Волчонок Липо. Книга вторая: Морские приключения
Я осторожно взял ракушку в лапы, перевернул её, посмотрел с одной стороны, с другой. Потом очень аккуратно поставил обратно.
– Завтра, – сказал я ей. – Завтра утром. Сейчас уже темно, и я немного устал… Пусть это будет утреннее решение. Утренний выбор.
От этого слова стало чуть легче. Утро всегда казалось мне временем, когда голова работает яснее. Ночь – для снов, утро – для решений. Так я себе сказал и решил, что это правда.
Я отправился спать.
Но спать меня не очень-то и отпустили.
Я лёг в свою кровать, укрылся одеялом до подбородка, уши устроил на подушке поудобнее.

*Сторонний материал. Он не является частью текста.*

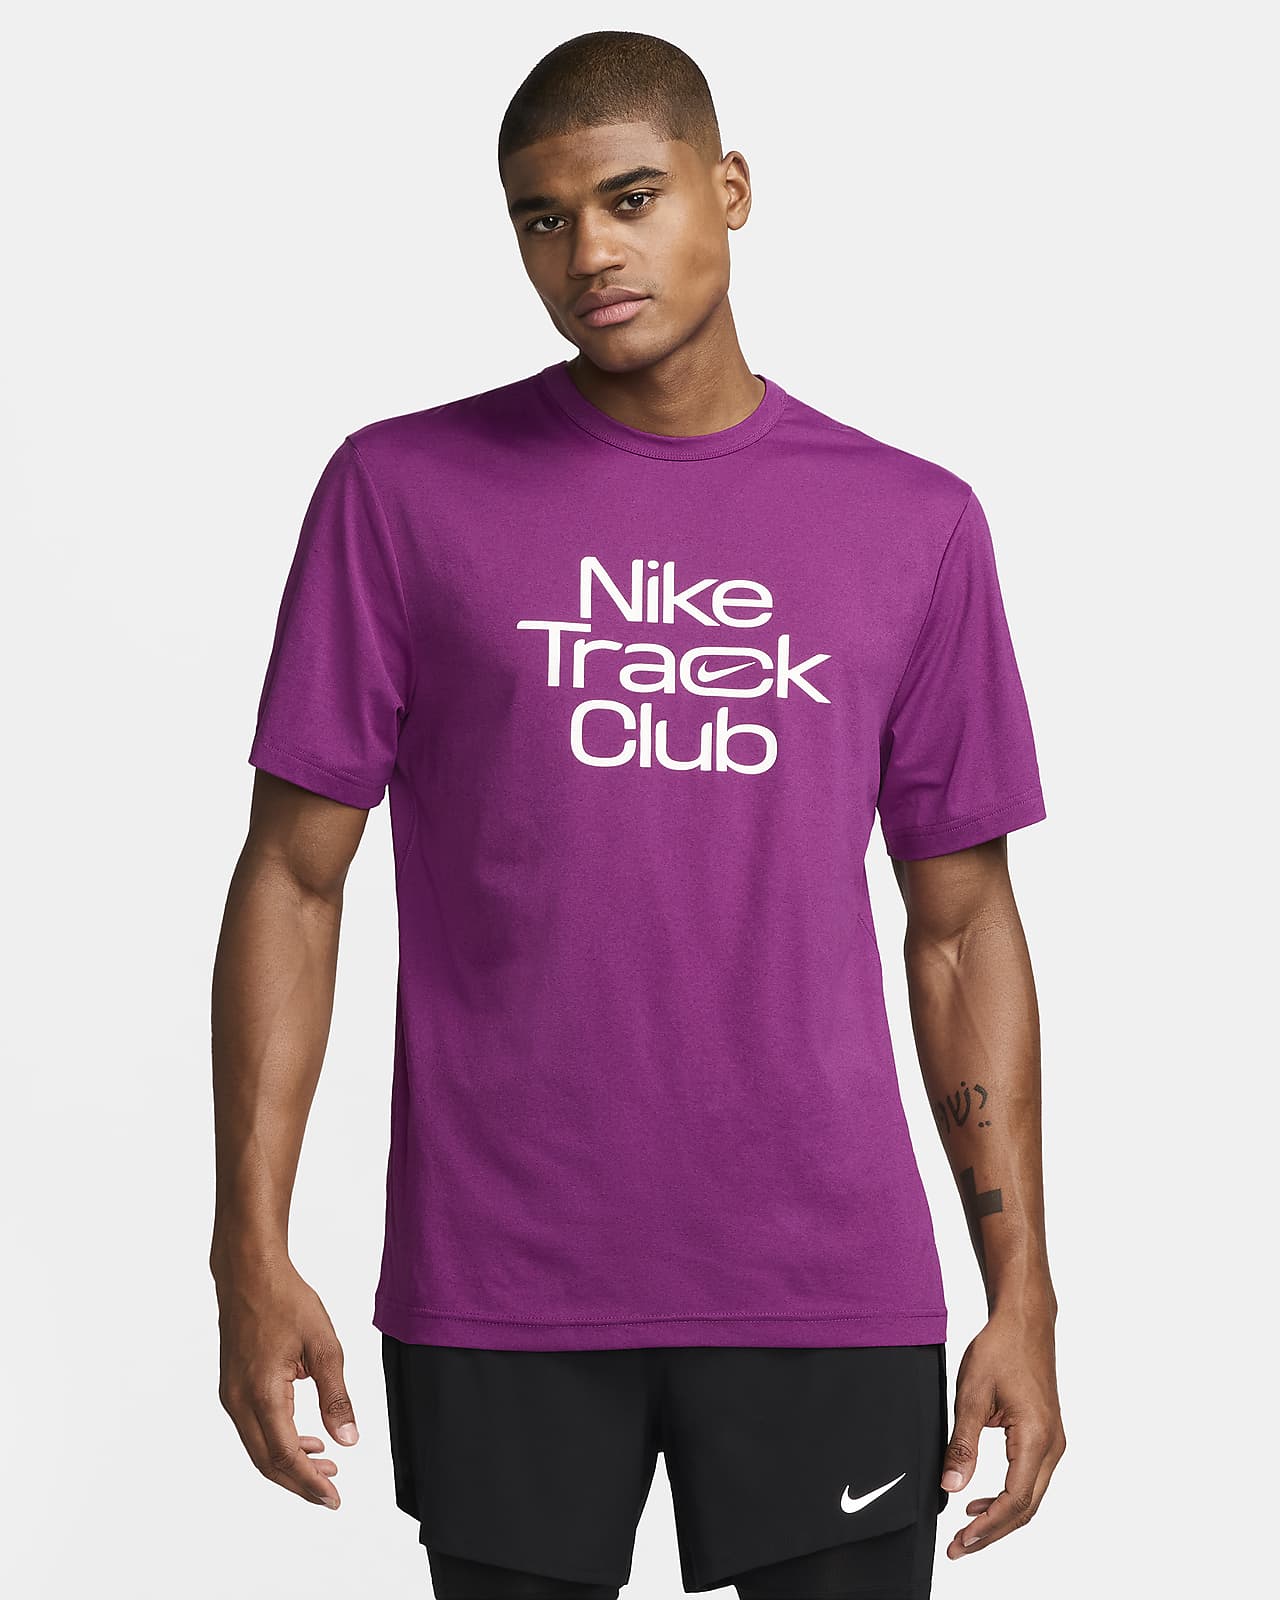 Nike Track Club Dri-FIT férfi rövid ujjú futófelső

В комнате было тихо: только за окном шуршали листья, да изредка вдалеке ухала сова. Сначала я лежал на спине, глядя в потолок, который чуть светился от ночного света снаружи.
«Сейчас закрою глаза, – подумал я, – и всё. Утро придёт само. Главное – не думать. Совсем не думать. Ни о чём не думать. Особенно… не о море».
Как только я сказал себе это, в голове тут же появилась картинка.
Сначала – маленькая. Я увидел светлую полоску – будто песок. Потом рядом с ней разлилась синяя линия – вода. Эта синяя линия быстро, очень быстро начала расти. Она становилась всё шире, длиннее, глубже. Вот она заполнила всю картинку до самого края. Внутри синего начали появляться тёмные пятна – словно островки и глубины. А сверху над этим всем появилось небо. Широкое, огромное, где-то с облачками, где-то – просто светлое.
Я зажмурился крепче. Но в закрытых глазах море стало ещё ярче.
Теперь я уже не просто смотрел на него сверху. Я стоял будто бы на берегу – лапы в песке, а передо мной катились волны. Они бежали-бежали ко мне, шуршали, поднимались, а потом у самых лап мягко ломались, разбиваясь на тысячу белых кружевных краёв. От них летели вверх капельки, как крошечные стеклянные бусинки.
Я почти чувствовал, как вода касается подушечек лап. Она была не как вода из нашего ручья, не как дождь. Эта казалась тяжелее и сильнее. Каждая волна была как дыхание большого существа.
Я перевернулся на бок, отвернувшись от окна, будто от этого могли исчезнуть мои мысли.
«Ну и что? – начал спорить я сам с собой. – Ну море. Ну волны. Ну зовёт. Это всё ещё можно не принимать. Можно сказать: “Извините, я маленький волчонок, мне страшно, я остаюсь в своём лесу”. Никто же не заставляет. Хранитель Глубин не написал: “Ты обязан”. Он только позвал».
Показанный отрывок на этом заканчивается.